Thank-goodness I’m not the only one alarmed by these statistics in the Christian world.  Here are some great blog posts you should read as well:

Her-Menuetics on “Becky,” and Randy Elrod who has also written a book on my list to read called “Sex, Lies and Religion.”

If you read the above blog post from Her-Menuetics you know they refer to “Becky.”  She’s basically the demographic who buy’s the most Christian music.  She’s the 30-40 something year old woman. 

She’s also probably the biggest instigator of families attending church on a regular basis.  So “Becky” sits in our pews every Sunday.

I AM BECKY!  And “Becky,” from what they’re saying is jealous of “Becky.”  Are you “Becky?”

Why is this happening?  Why can’t we support other women?  I don’t think it’s because we all want to be singers or speakers?  Maybe it’s because many of us stay at home and have un-met career goals.  Or maybe we have to work in a mindless job and we hate it because at one time we had dreams and the thought of listening to “Becky” singing sweet melodies and fulfilling her dreams while we drive our commute home makes us want to gag.  So instead we listen to Joe. 

There is a constant tension between those women that work and those that don’t.  The grass is greener on the other side, so maybe this is why “Becky” can’t listen to “Becky?”

All I know, is that I want this undercurrent of socially acceptable gender prejudice to STOP.  I know, there are a handful of you that may read me and you don’t agree with women in positions of leadership.  And that’s fine.  You probably won’t like this thread of blog posts every Friday.  But do me a huge favor.  Please.  Read this book and then decide. (It’s four views on women in ministry written from 4 different perspectives.)

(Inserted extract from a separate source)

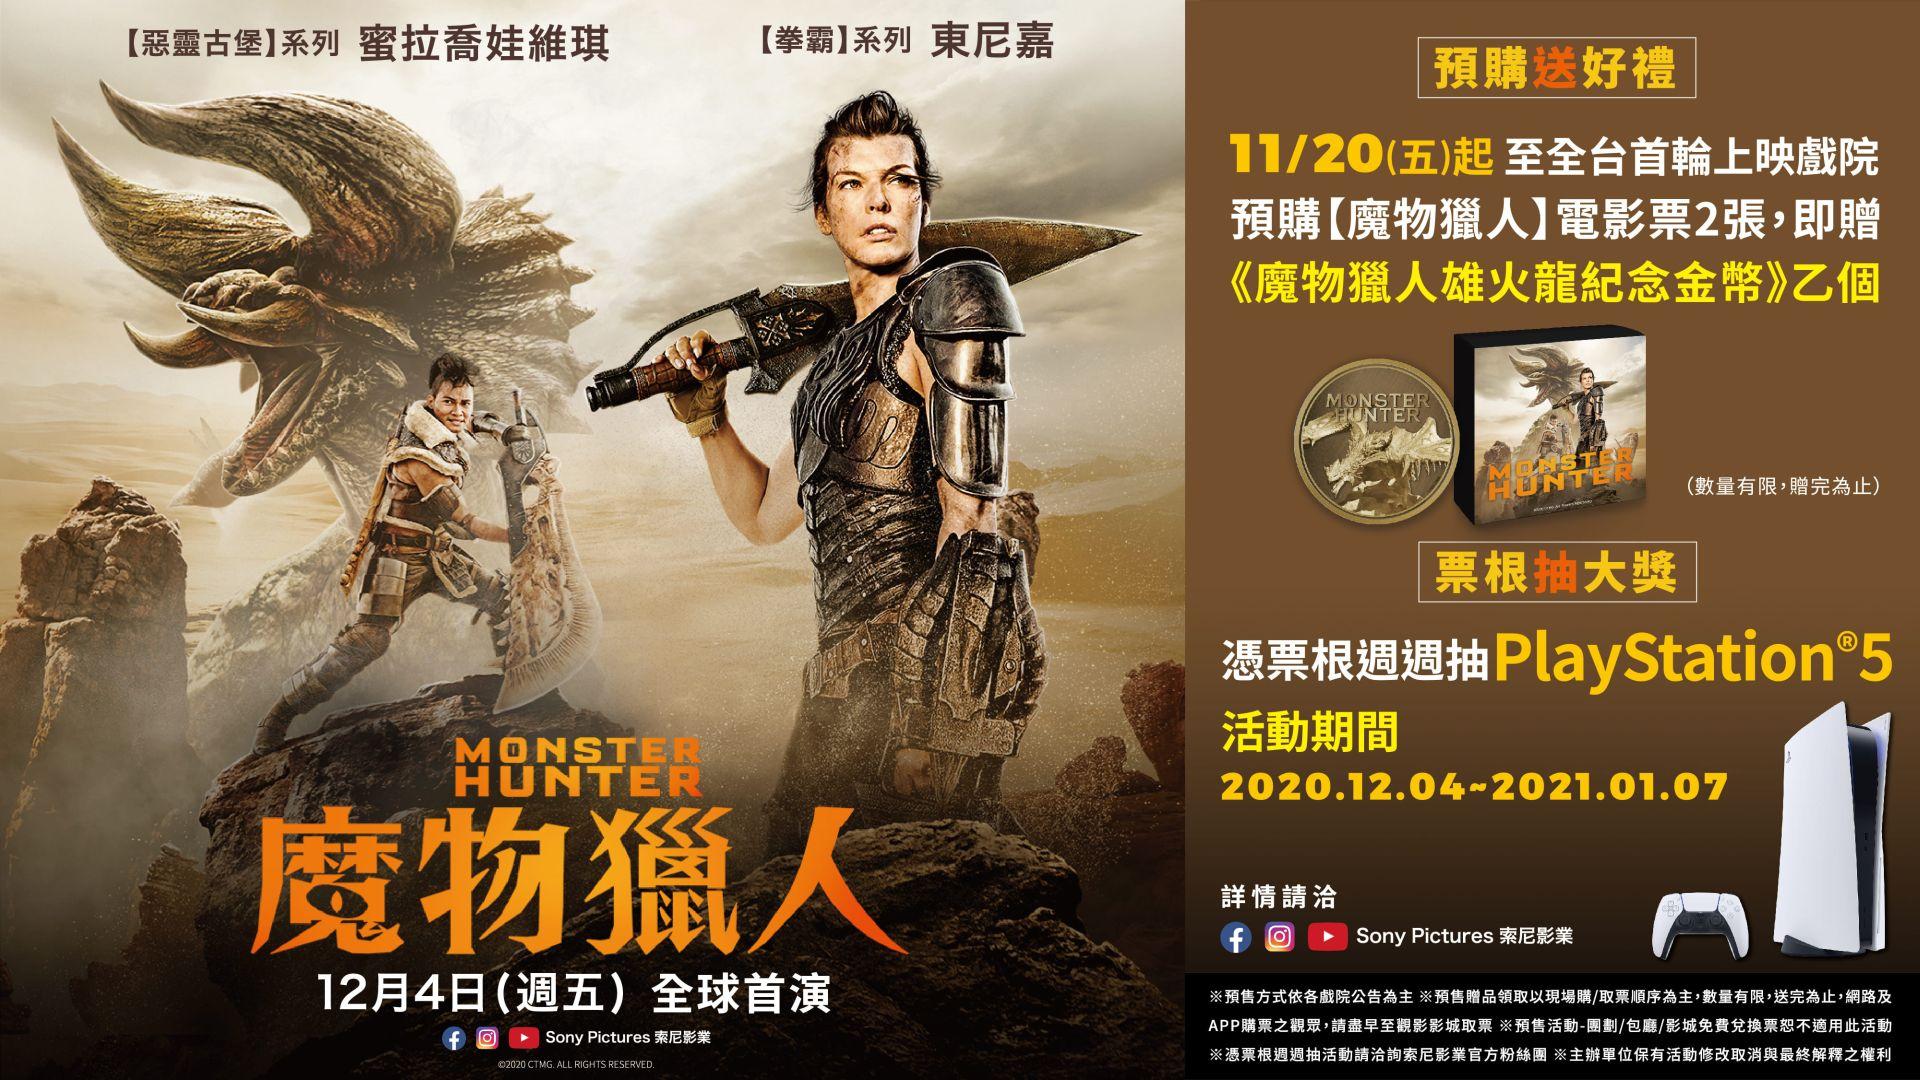 【魔物獵人】票根抽PS5、預購送全球唯一紀念金幣

I want my daughters to live fully this passage in Galations 3:28-29: “In Christ’s family there can be no division into Jew and non-Jew, slave and free, male and female. Among us you are all equal. That is, we are all in a common relationship with Jesus Christ. Also, since you are Christ’s family, then you are Abraham’s famous “descendant,” heirs according to the covenant promises.”

And I NEED Christian women in music and ministry as role-models for my girls.

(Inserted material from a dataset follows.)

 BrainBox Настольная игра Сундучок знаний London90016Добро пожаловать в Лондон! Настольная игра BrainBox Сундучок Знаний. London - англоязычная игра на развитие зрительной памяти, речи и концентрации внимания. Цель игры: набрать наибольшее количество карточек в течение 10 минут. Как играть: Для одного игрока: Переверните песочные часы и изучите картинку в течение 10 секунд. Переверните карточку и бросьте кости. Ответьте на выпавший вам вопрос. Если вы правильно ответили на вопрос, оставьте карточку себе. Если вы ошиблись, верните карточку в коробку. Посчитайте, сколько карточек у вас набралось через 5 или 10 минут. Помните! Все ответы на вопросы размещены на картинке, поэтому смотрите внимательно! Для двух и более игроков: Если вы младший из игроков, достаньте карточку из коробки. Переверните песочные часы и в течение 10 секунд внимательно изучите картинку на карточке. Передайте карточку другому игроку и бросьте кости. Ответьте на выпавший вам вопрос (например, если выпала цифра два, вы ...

So from here on out I’m calling my Friday posts “Viva La Femme Friday.”  I’m going to write about gifted women every Friday.  Musicians, writers, pastors, bloggers, survivors, whatever.  I’m going to find serious speakers, not the “fru-fru, throw a feather boa around my neck while I break out in show tune hymns, kind of speaker,” or the latest Christian Miss America, but the serious, theologically trained or relevant speakers like Anne Jackson or Beth Jones.  That’s my plan.  It’s the best way I know how to change this crazy anti-women trend in the church.  I need a positive outlet.  So it’s all woman, every Friday.  Women who God has gifted and how they are making a positive difference. 

And here’s how you can help me.  Make comments!  If you have a great new female author or musician you think others would like, please share it!  Let us know, give us links, so we can purchase and support other women!

Let’s stop being  jealous of “Becky” and start cheering “Becky” on.  This is for our daughters ladies.  This is for my Charis and Meleah.  So that someday they won’t ever have to think twice about following their calling.  That we won’t limit their potential for good.

What do you think?  What do you think can be done to change this issue in the church?  Can we change things like the classical music industry did?